Probably one of the main big draws of Elizabeth Gilbert’s Eat, Pray, Love is that it’s a gal’s hero journey and the very first thing the narrator departs from is a marriage, which is usually where women end up at the end of traditional stories.  Very appealing to the modern American sensibility.  I just finished Where Did You Go, Bernadette?, which is a fun read, and it too is a gal’s hero journey; as of course is Wild, the subtitle of which:  “From Lost to Found on the Pacific Coast Trail,” says it all. Women do seem to need to have a nervous breakdown to initiate their heroic journeys – what is up with that?

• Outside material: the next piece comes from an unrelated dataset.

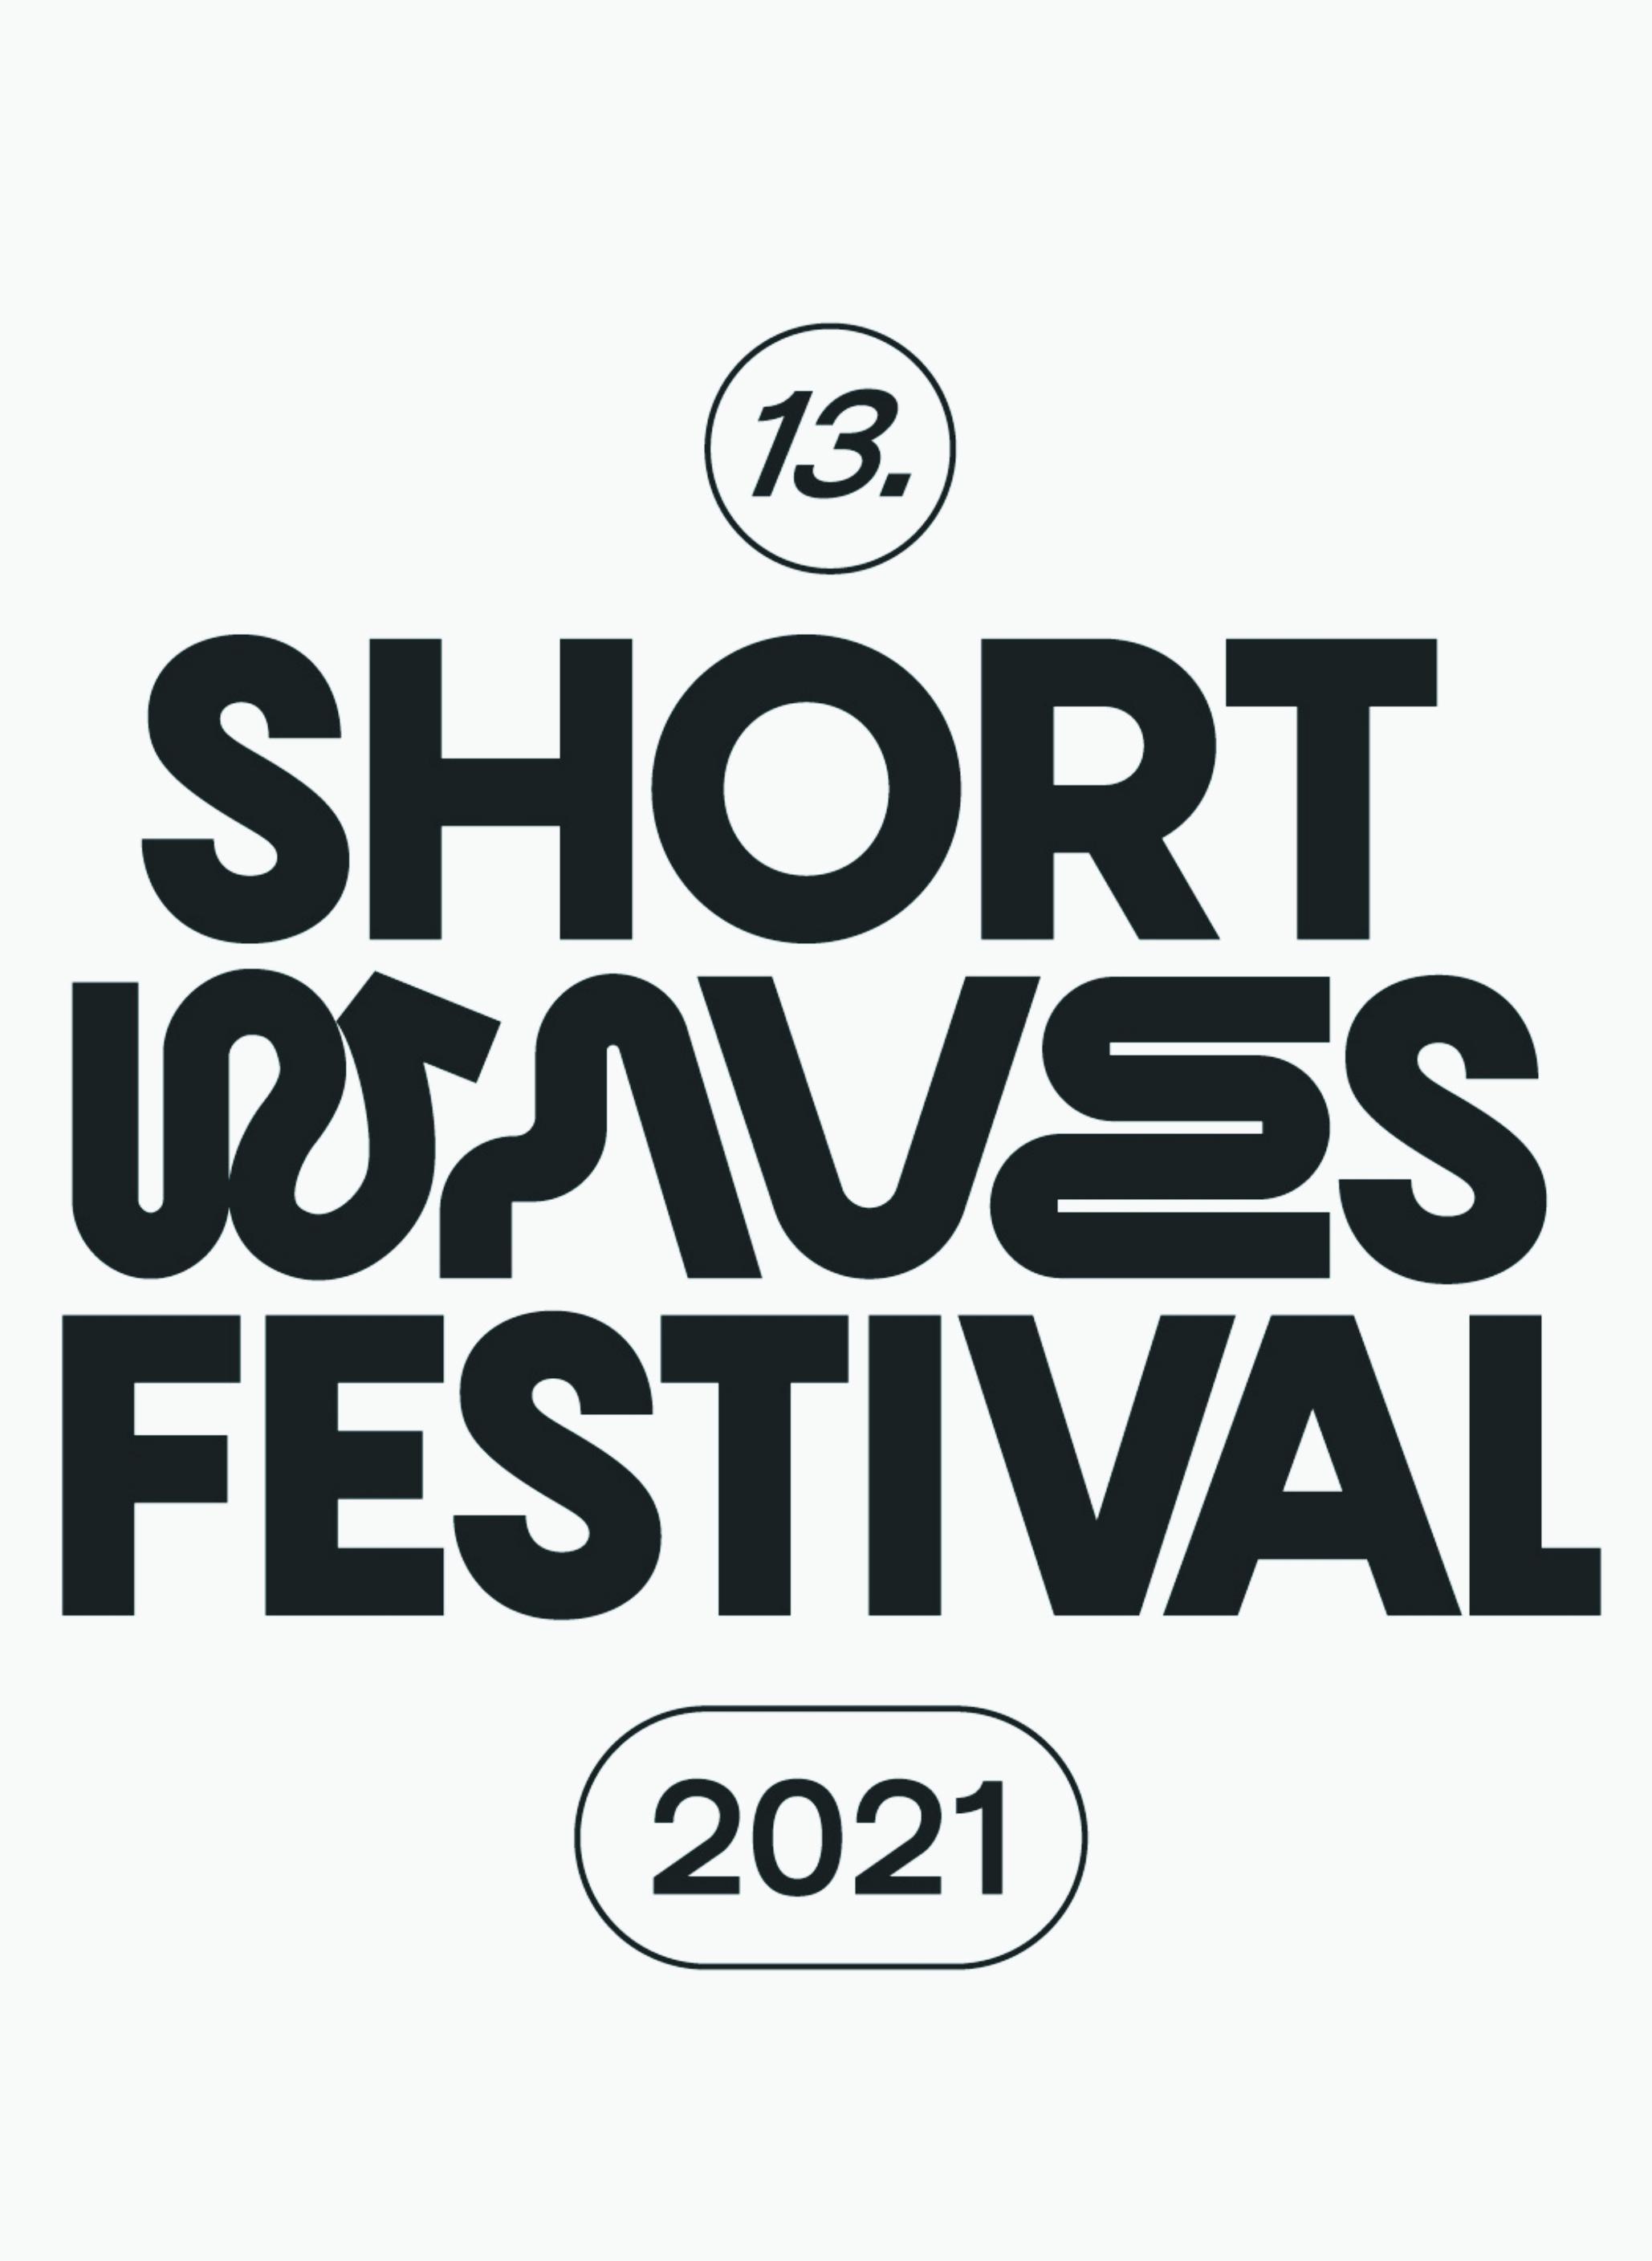 Short Waves Festival 2021 - Four Perspectives on Solidarity: Stając po stronie osób bez praw

So…I’m getting old but frankly I’m finding this narrative redundant.  Okay it’s all fine and good but to me it doesn’t go far enough.  Personal satisfaction at the end of a hike up a mountain or around the world or a journey to Antarctica – well, so what? We have seven billion people and counting on this Earth and so what if each one of us finds our “bliss”?  (Campbell got it that people would misinterpret his directive to “follow your bliss” and later said you should “follow your blisters.”) Are all these books Campbell’s fault, I wondered? Shouldn’t story-telling push us farther than our own individual “potential”? Can we only tell stories this way because writer’s workshops and how-to guides like The Writer’s Journey:  Mythic Structure for Writers have rubber-stamped what it is to have an identity and only those stories that fit this mold will be published or produced as movies?  Hasn’t this all become a contradiction in terms?

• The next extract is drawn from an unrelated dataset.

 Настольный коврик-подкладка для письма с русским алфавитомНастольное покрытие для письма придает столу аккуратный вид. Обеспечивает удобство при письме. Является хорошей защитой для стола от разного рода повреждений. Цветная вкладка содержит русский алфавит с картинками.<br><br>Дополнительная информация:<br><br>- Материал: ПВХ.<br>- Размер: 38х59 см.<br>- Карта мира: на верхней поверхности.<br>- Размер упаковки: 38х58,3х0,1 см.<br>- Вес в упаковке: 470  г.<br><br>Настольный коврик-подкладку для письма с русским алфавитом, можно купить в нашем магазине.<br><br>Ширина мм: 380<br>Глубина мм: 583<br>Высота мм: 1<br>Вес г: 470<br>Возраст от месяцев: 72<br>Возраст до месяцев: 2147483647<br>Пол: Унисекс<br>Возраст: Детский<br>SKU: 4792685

Aha!  Campbell got better and better at synthesizing and communicating his message and a great place to get a big dose of it is in The Power of Myth, which is a book-length conversation with Bill Moyers.  Campbell explains that in fact, we need new myths that reflect modern life, but he said things are changing so fast now it will take more time for those new myths to emerge. Campbell’s whole thing is that virtually all religion (another person’s religion is a myth to you and vice versa) tells the same intrinsic story (see hero, above) thus indicating a deep unity at the base of all humanity no matter what race or tradition.  The tribal thing gets in the way, he said.  When you condemn another tribe’s myth/religion you create trouble (and yes we see that everywhere in the world).  He said the next iteration of myth needs to incorporate the planet. Everybody into the pool:  it’s all one big story we are all in it together.  And maybe citizen science will give us a new format for telling stories about our Earth – saving nature together, reuniting the riven disciplines of art and science – citizen science puts its arms around the world like Campbell did, and goes even deeper than mythic time.  Citizen science is about evolutionary time.  Now there’s a story.